> [Problem to solve]:
The listing below needs to be copied in full, exactly.

> [Data]:
* * * * * * * * *

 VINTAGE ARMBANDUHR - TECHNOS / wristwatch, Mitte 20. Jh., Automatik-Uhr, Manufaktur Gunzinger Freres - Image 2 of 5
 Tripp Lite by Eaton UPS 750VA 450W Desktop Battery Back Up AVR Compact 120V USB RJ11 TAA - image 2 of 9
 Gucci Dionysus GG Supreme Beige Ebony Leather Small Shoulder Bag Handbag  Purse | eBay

* * * * * * * * *

> [Solution to this problem]:
 VINTAGE ARMBANDUHR - TECHNOS / wristwatch, Mitte 20. Jh., Automatik-Uhr, Manufaktur Gunzinger Freres - Image 2 of 5
 Tripp Lite by Eaton UPS 750VA 450W Desktop Battery Back Up AVR Compact 120V USB RJ11 TAA - image 2 of 9
 Gucci Dionysus GG Supreme Beige Ebony Leather Small Shoulder Bag Handbag  Purse | eBay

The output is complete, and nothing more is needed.